GIVEN MATERIAL:
^^^^^^^^

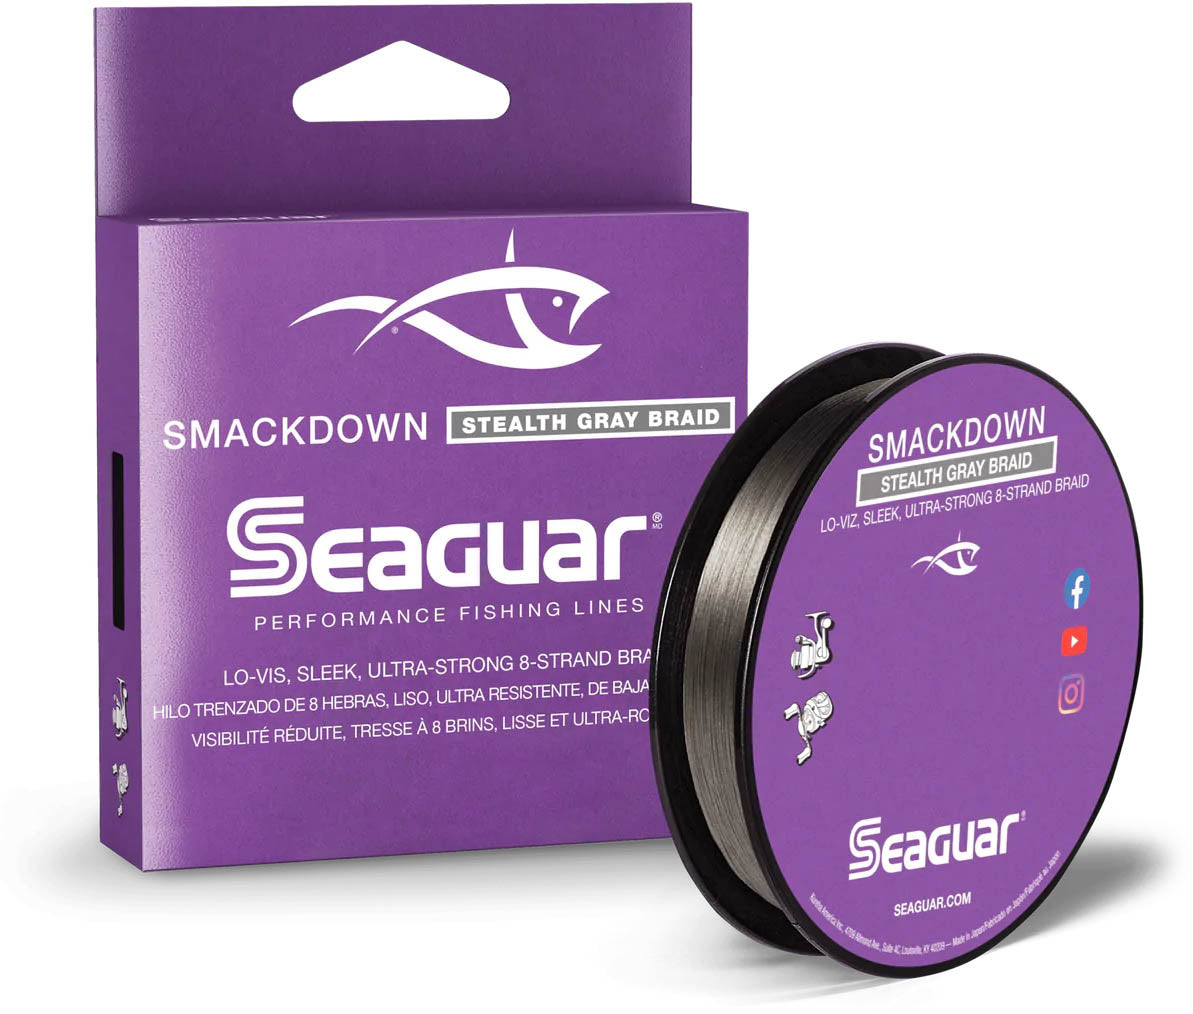 Seaguar Smackdown Braid 150 Yards Stealth Gray — Discount Tackle
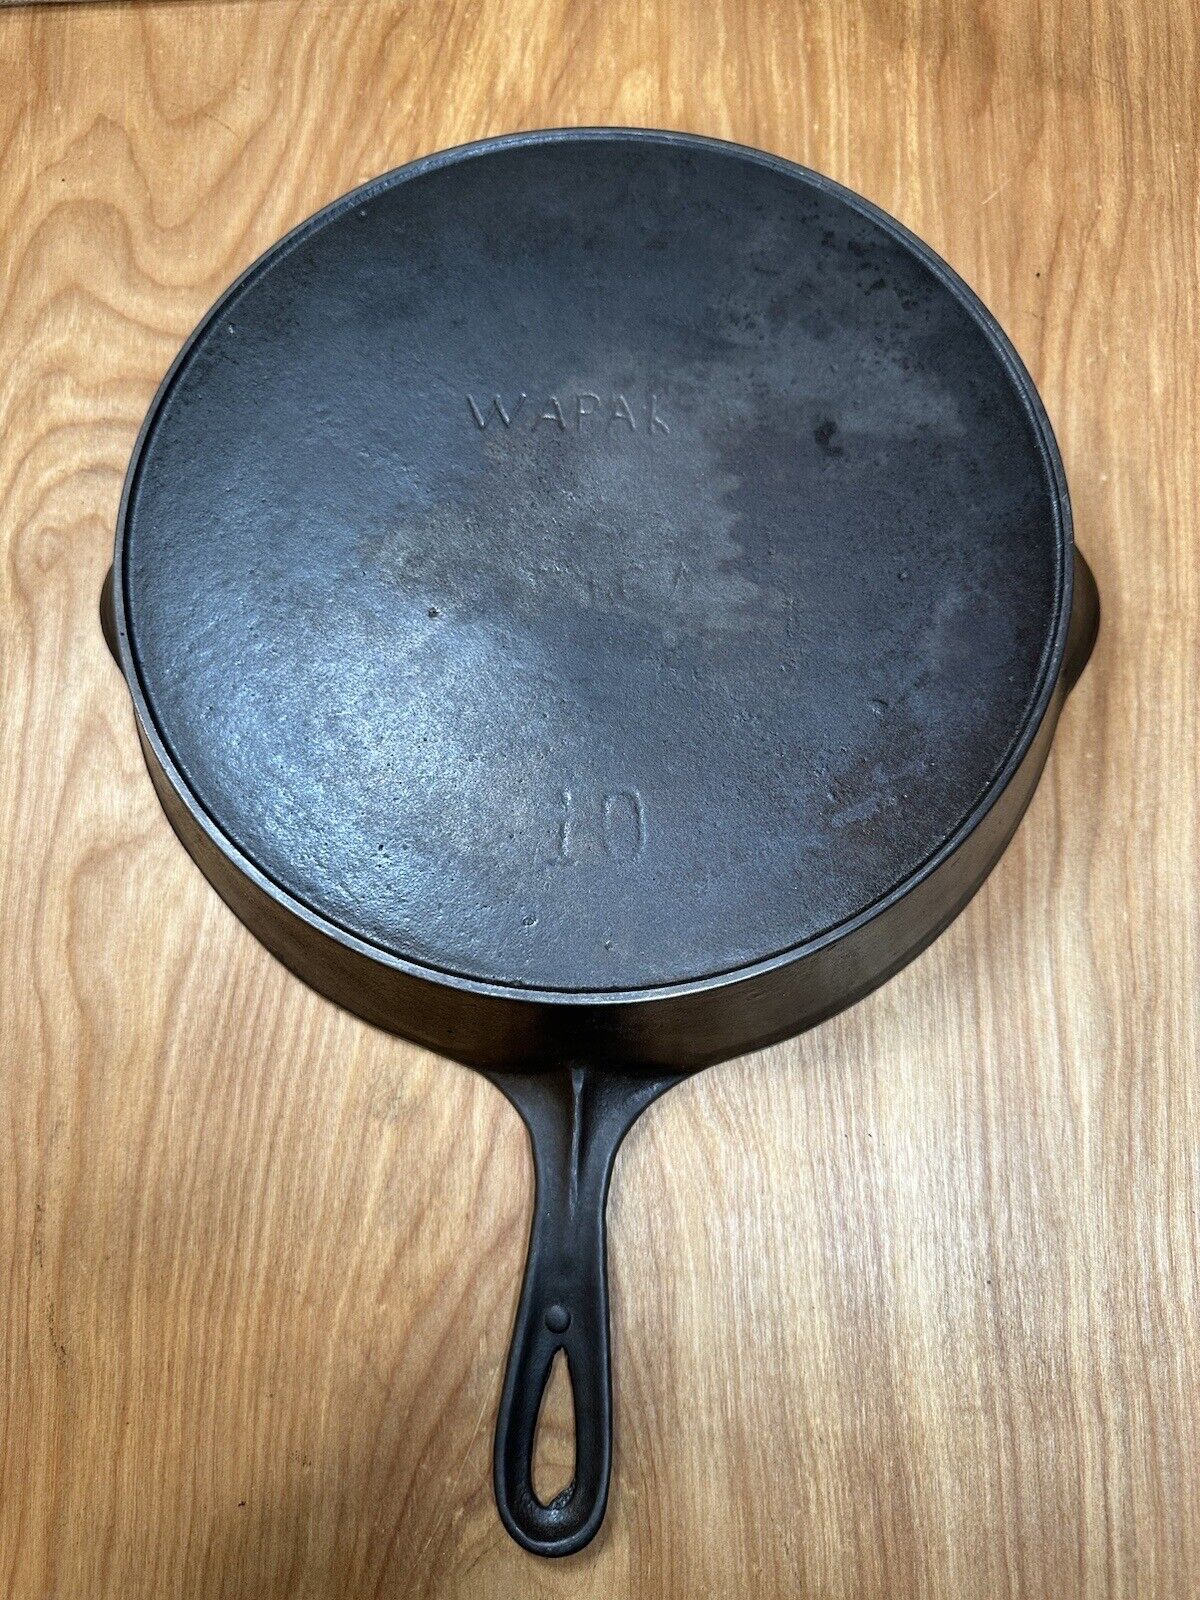 Antique WAPAK #10 Cast Iron Skillet From Griswold Erie Mold Old Piece Great
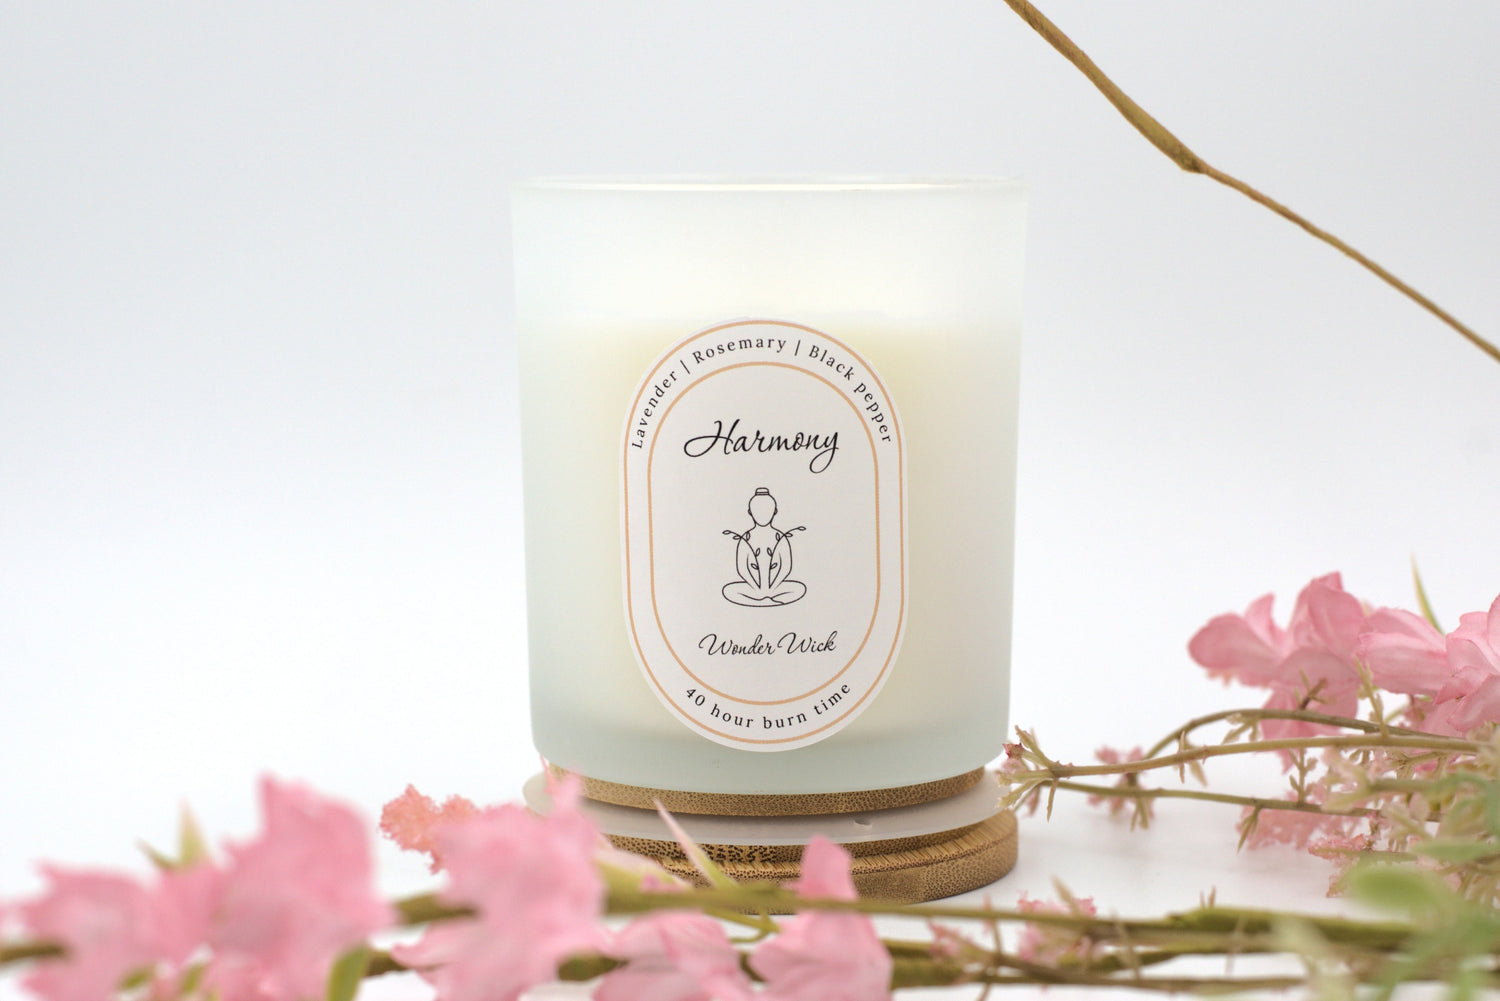 Harmony candle for relaxation made with essential oils lavender, rosemary and black pepper

^^^^^^^^

All of the data gets printed again exactly; the pictures do not.

SOLUTION TO THIS EXERCISE:
 Seaguar Smackdown Braid 150 Yards Stealth Gray — Discount Tackle
 Antique WAPAK #10 Cast Iron Skillet From Griswold Erie Mold Old Piece Great
 Harmony candle for relaxation made with essential oils lavender, rosemary and black pepper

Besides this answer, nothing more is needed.